Smith died on Oct. 19, 2007 at the age of 19. She was in the Grand Valley Institution for Women — her ninth prison — three years after she was given brief sentence for a youthful indiscretion.

This is why Ashley Smith's time in prison began: She threw a crab apple at a postman.

Dennis the Menace did worse in his time.

The 30 days in custody to which she was sentenced was extended again and again as she spat at guards and inmates, threatened everyone including herself with harm, was strapped to gurneys and plied with sedatives.

It ended when she wrapped a ligature around her neck and died of asphyxia in her prison cell, with no intervention from the prison guards watching nearby. Or anyone else, for that matter.

Scores of question were left unanswered. And left unanswered again when a previous inquiry was abandoned amid lawyerly bickering. The hope this time around is that something can be learned to stop the tragic events from happening the next time.

As the Toronto Star's Rosie DiManno writes, it will do nothing for Smith:

The woeful saga, Ashley’s punishments, can be quantified. A cold record of violations and punitive reckonings has been neatly collated, because that’s what institutions do best —keep track of the paper and the electronic trail, their institutional auditing. But the physical and psychological hurt heaped on that poor girl — evidence that perpetrators long fought to keep under wraps — is only now emerging in its totality.
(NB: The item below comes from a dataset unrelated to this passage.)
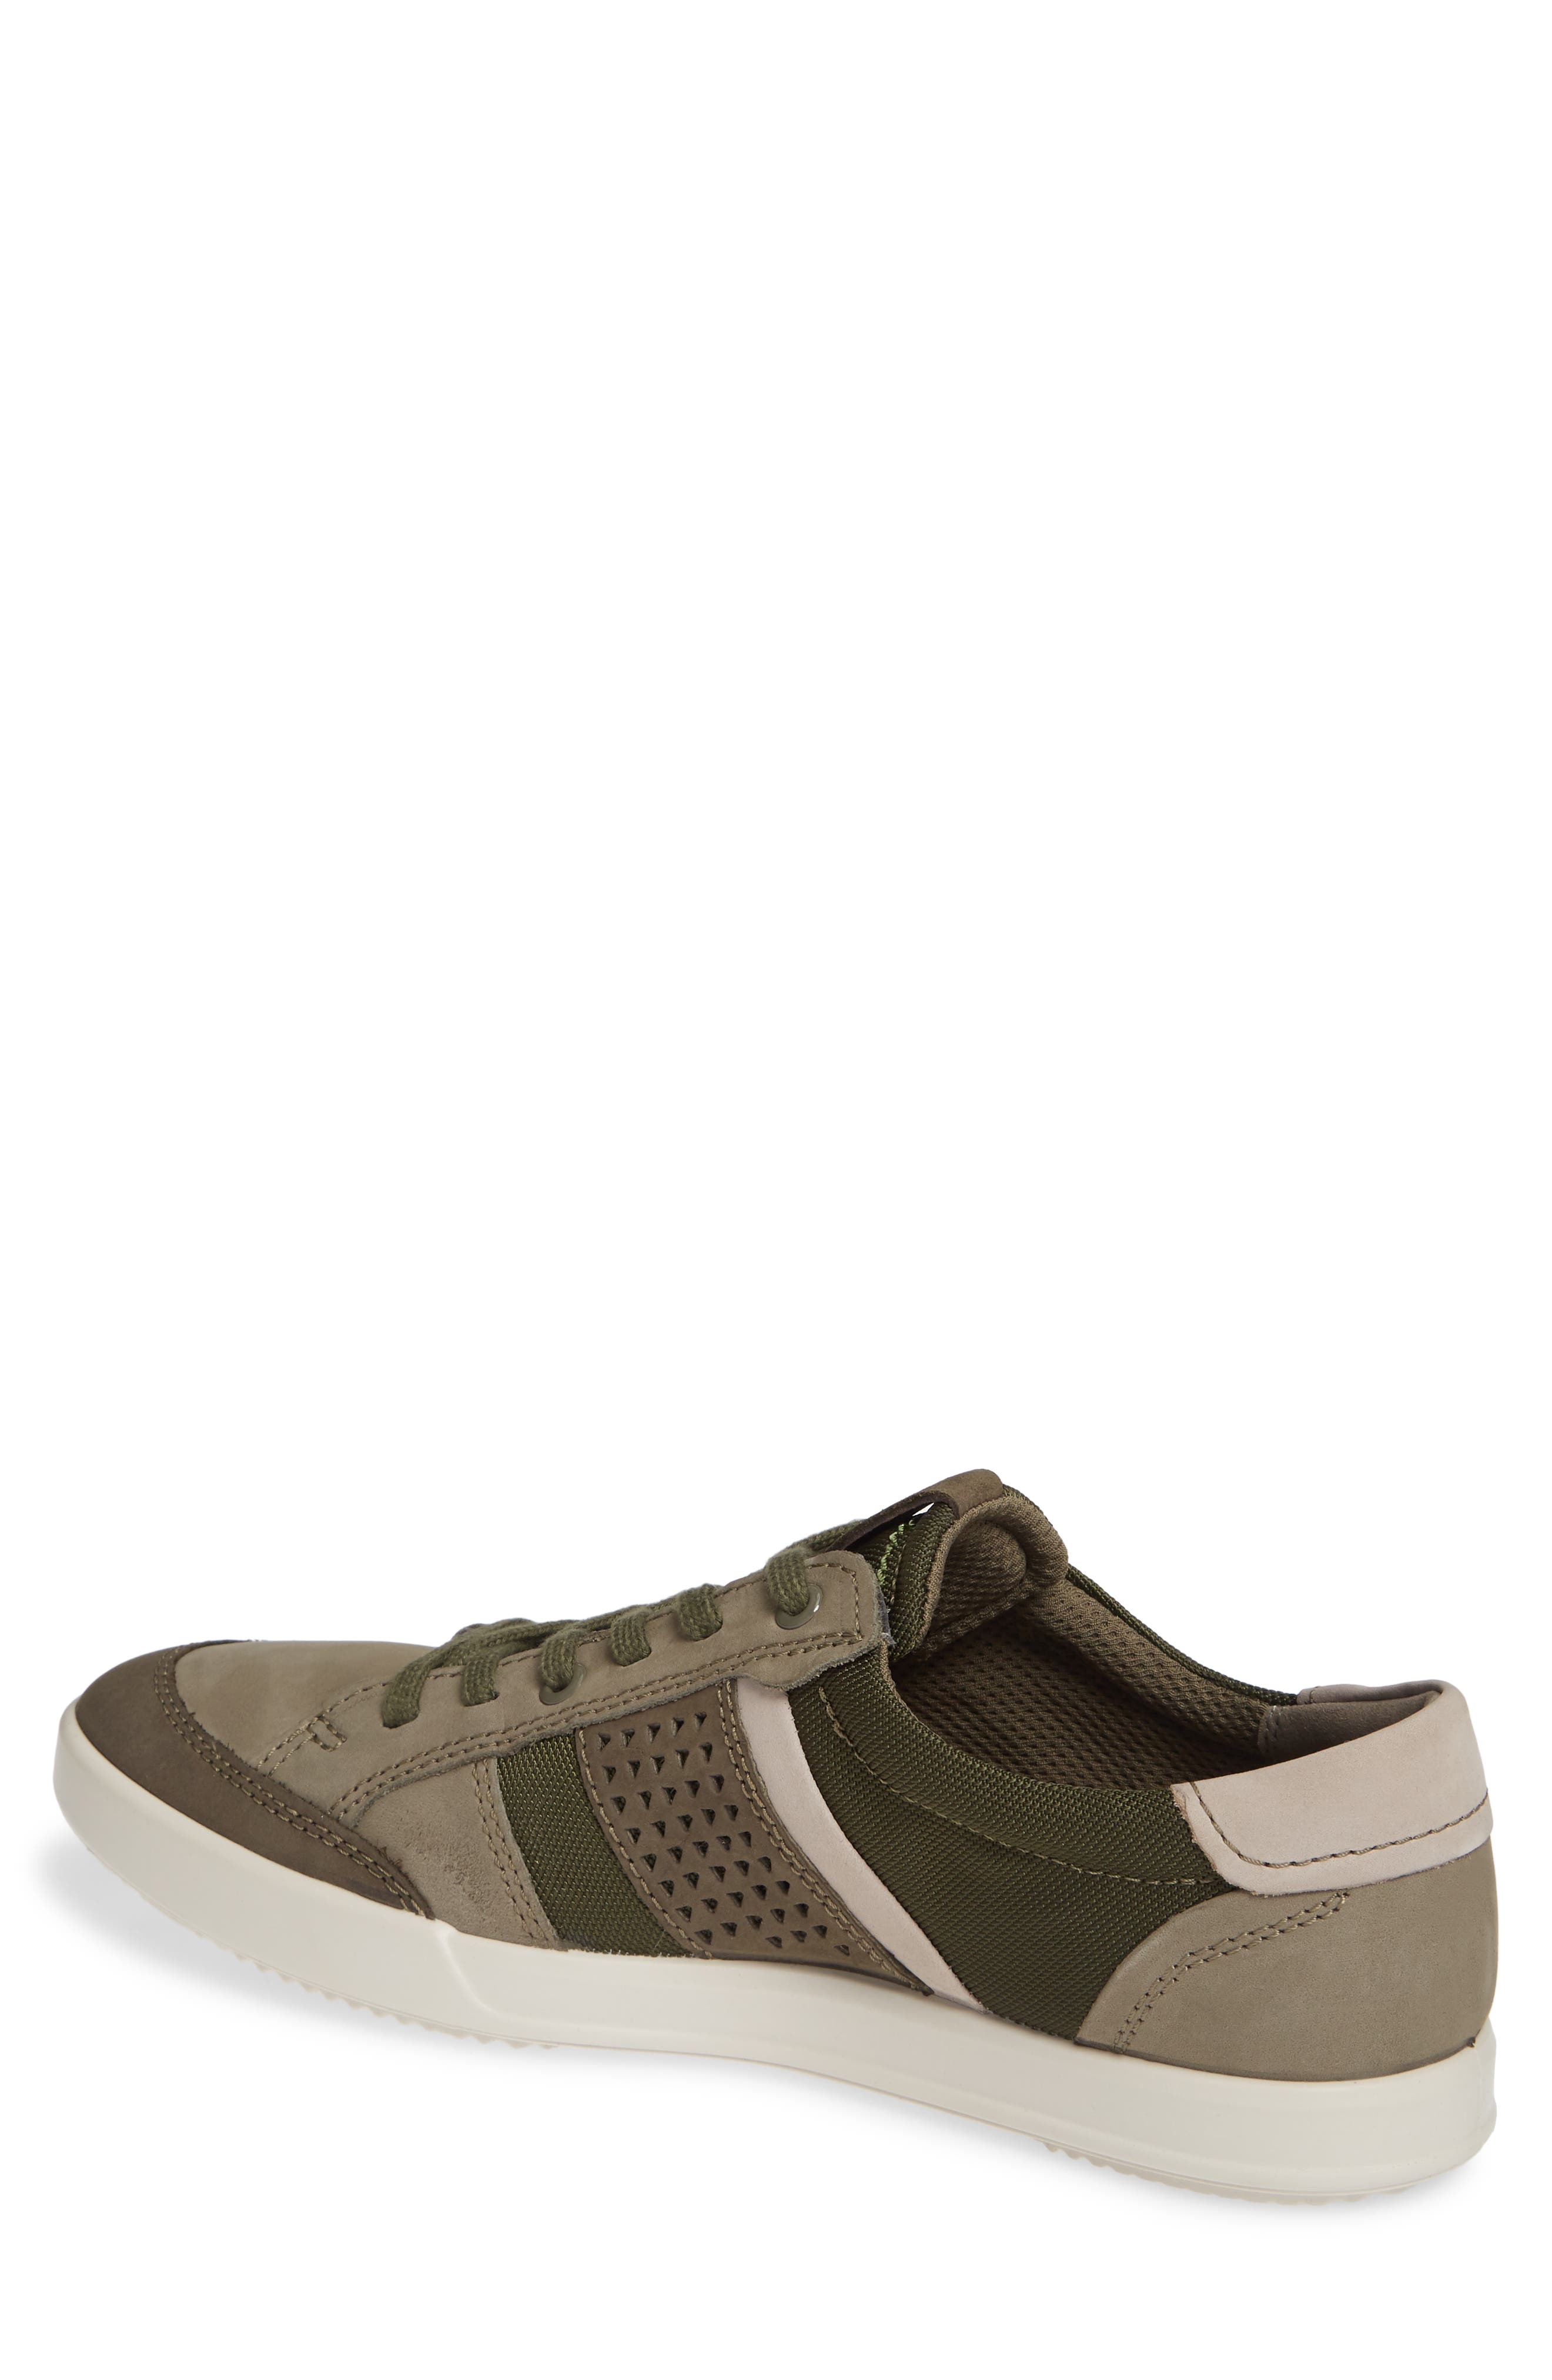 ECCO, Collin 2.0 Sneaker, Alternate thumbnail 2, color, TARMAC LEATHER

Carlisle is right that this is the best memorial we can offer Ashley, but there are few options to which it can be compared. If we deliver anything less than results this time around, it will be a far greater insult. We imprisoned her, treated her with disdain and left her to fight mental illness alone.

[ Related: Inquest hears how Canada's women's prisons work from warden ]

We watched her die in her cell, and we have been in no rush to find answers.

Two weeks from now, were she still alive, Smith would have turned 25 years old. It is beyond time we understand why she will never reach that age.